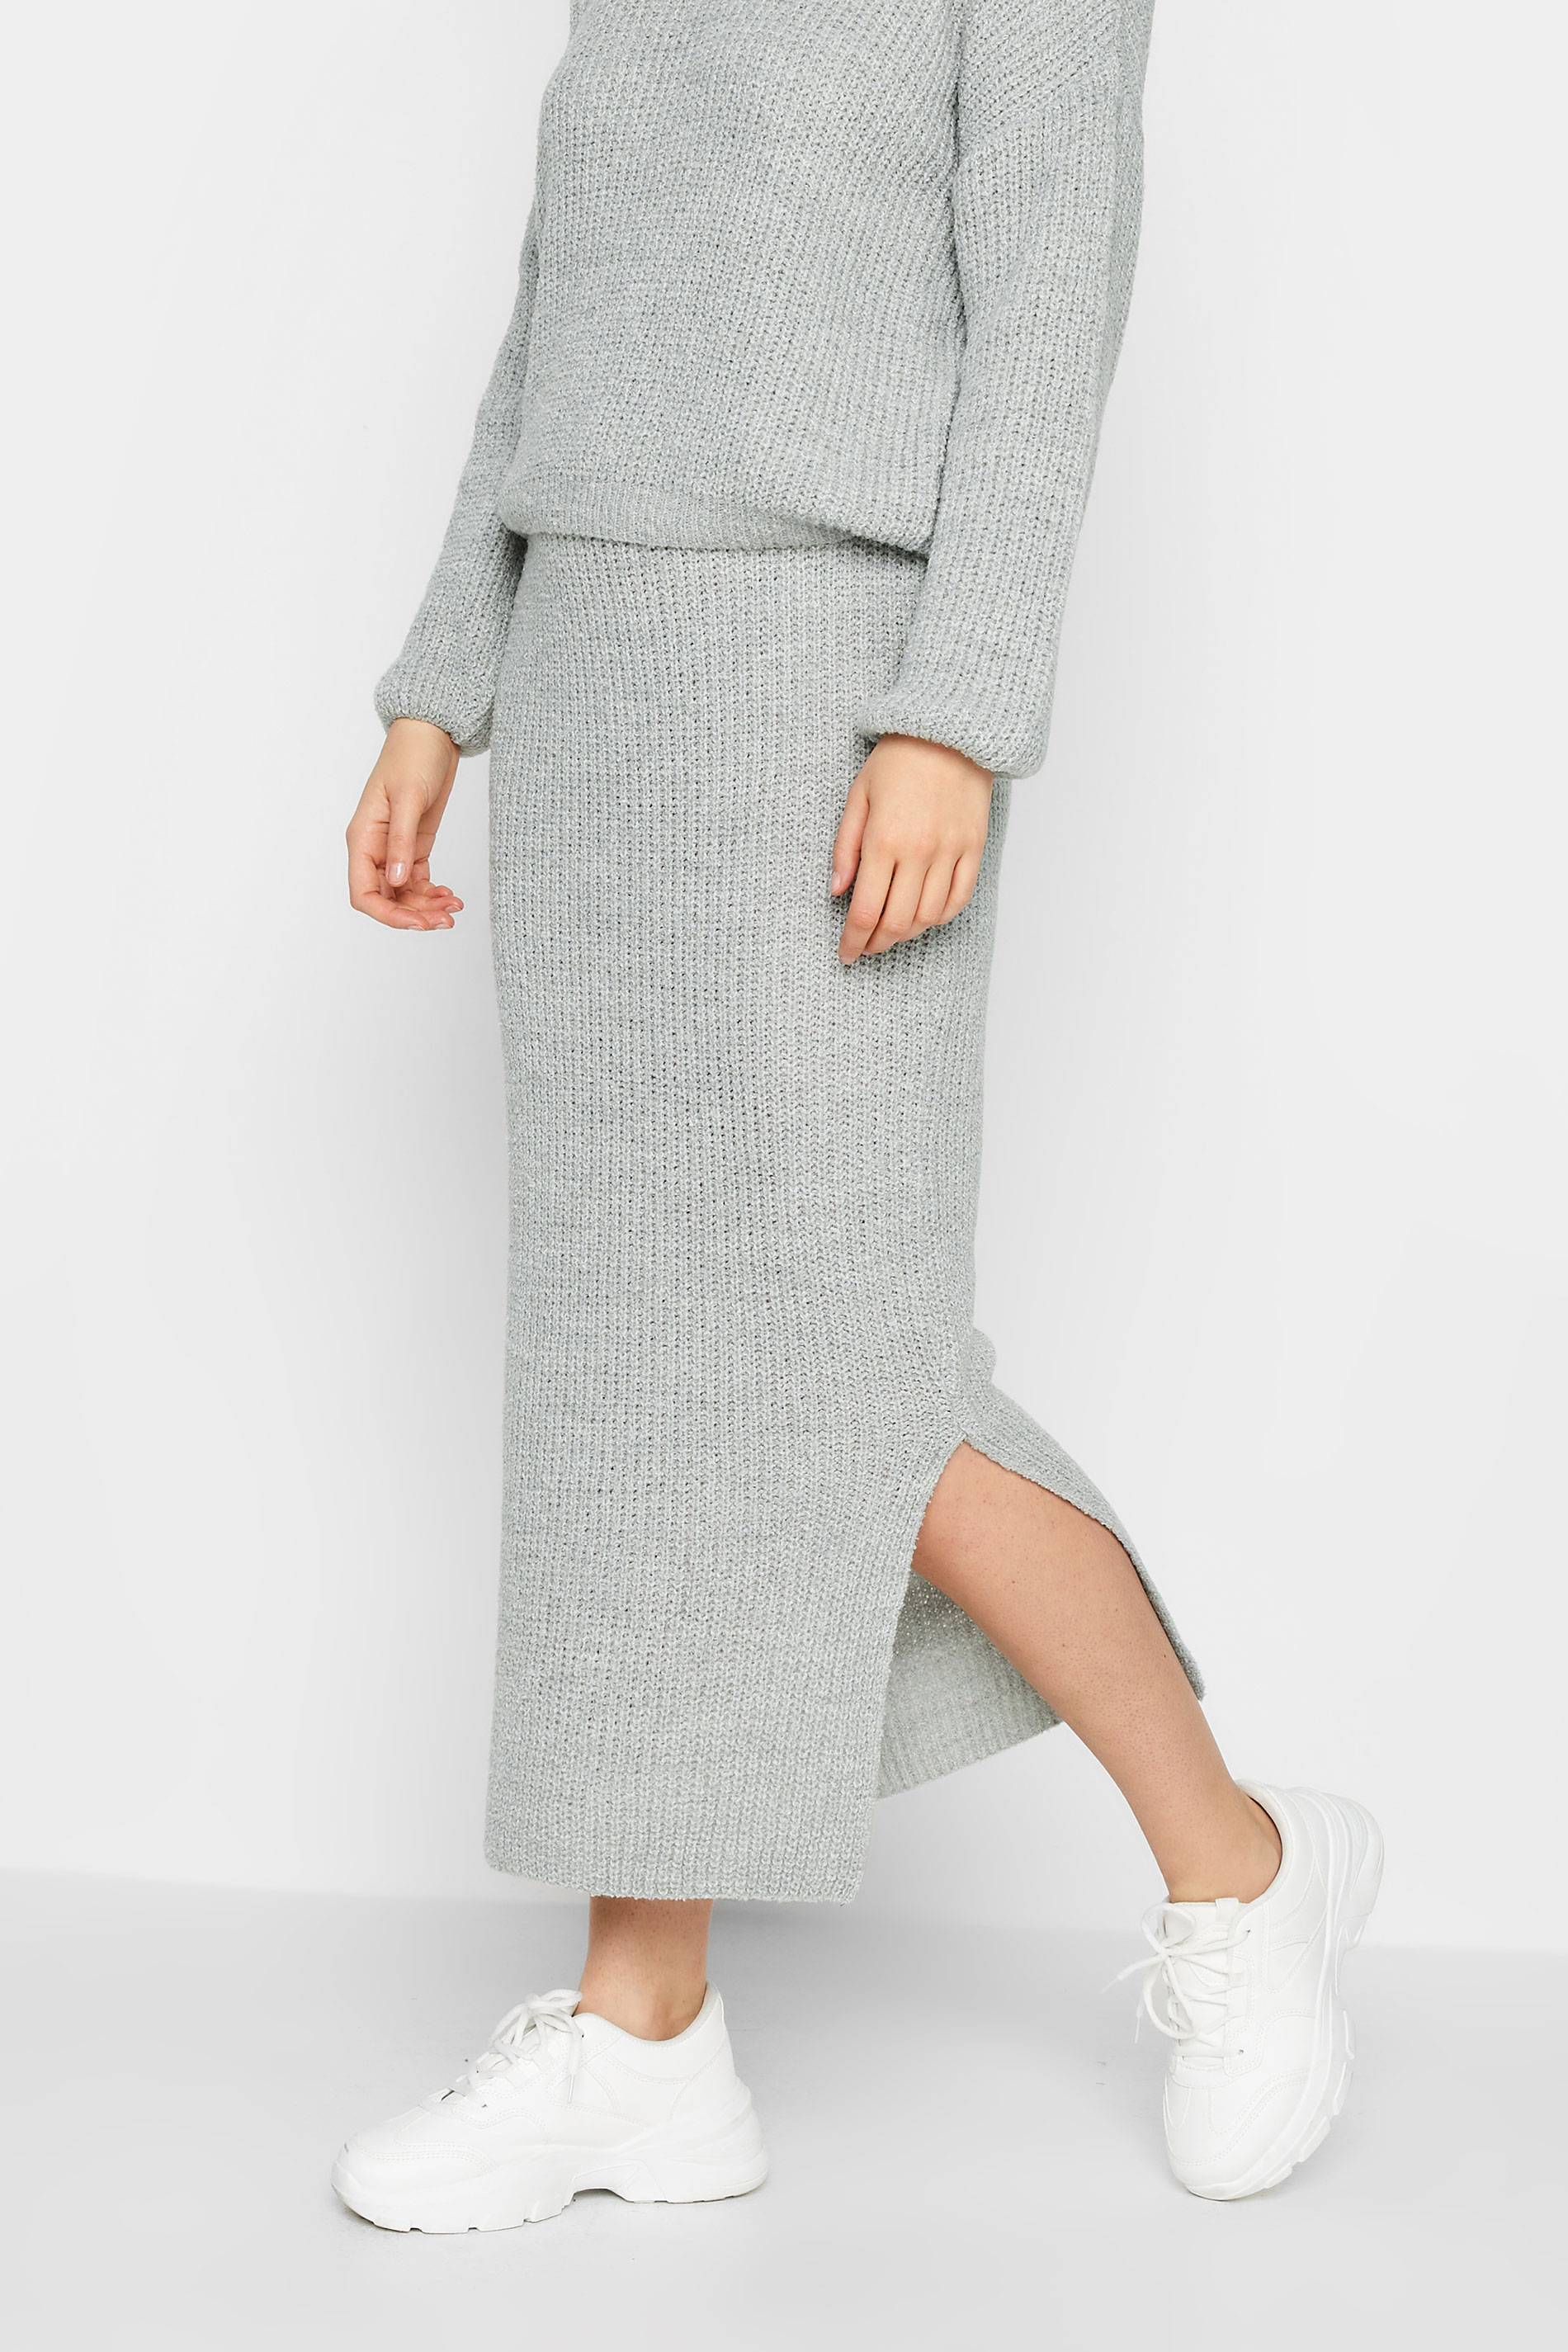 LTS Tall Grey Maxi Knitted Skirt | Long Tall Sally 2
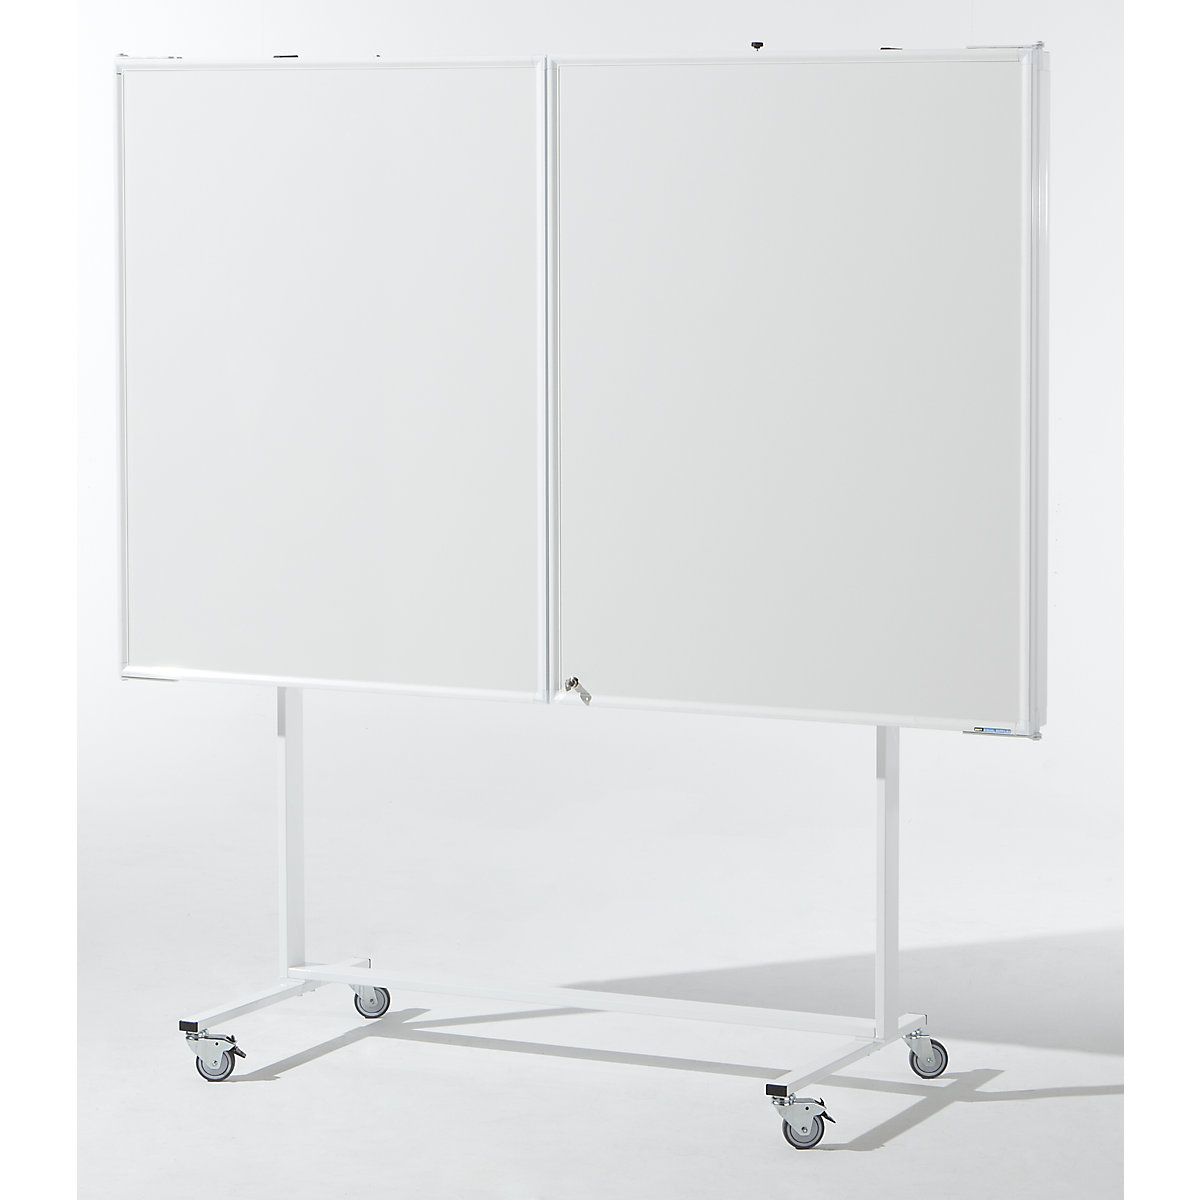 Panou whiteboard rabatabil, set complet (Imagine produs 3)
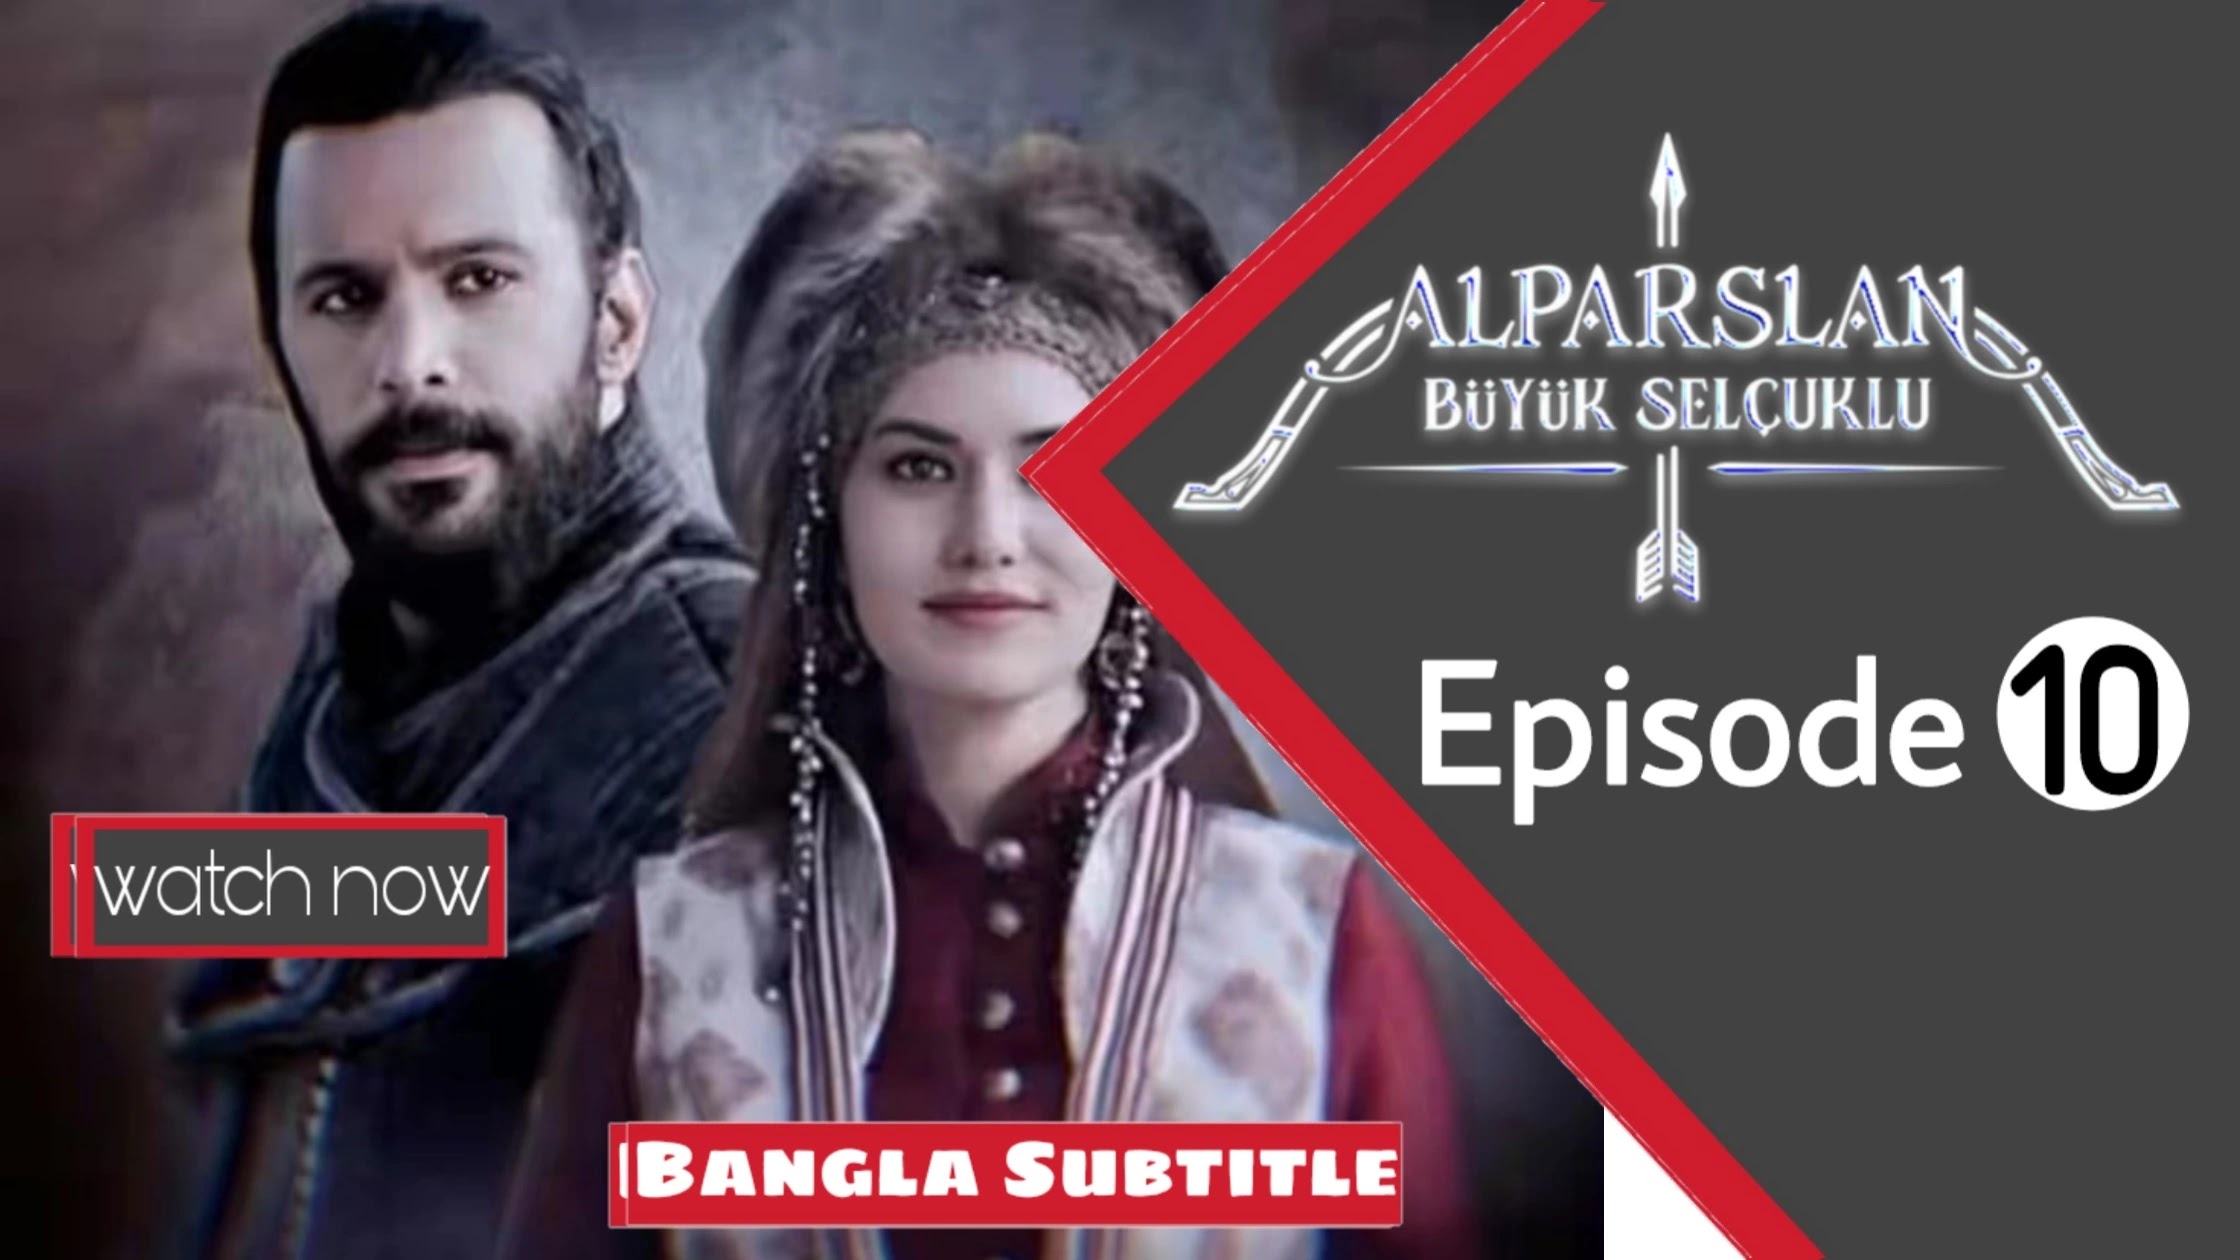 Alparslan Buyuk Selcuklu Episode 10 Bangla Subtitle

◆ **Your goal**: Restate exactly, and only, the lines from the one that holds "Panou whiteboard rabatabil, set" down to the last line of the material above. Omit the pictures.

◆ **Exercise result**:
 Panou whiteboard rabatabil, set complet (Imagine produs 3)
 Alparslan Buyuk Selcuklu Episode 10 Bangla Subtitle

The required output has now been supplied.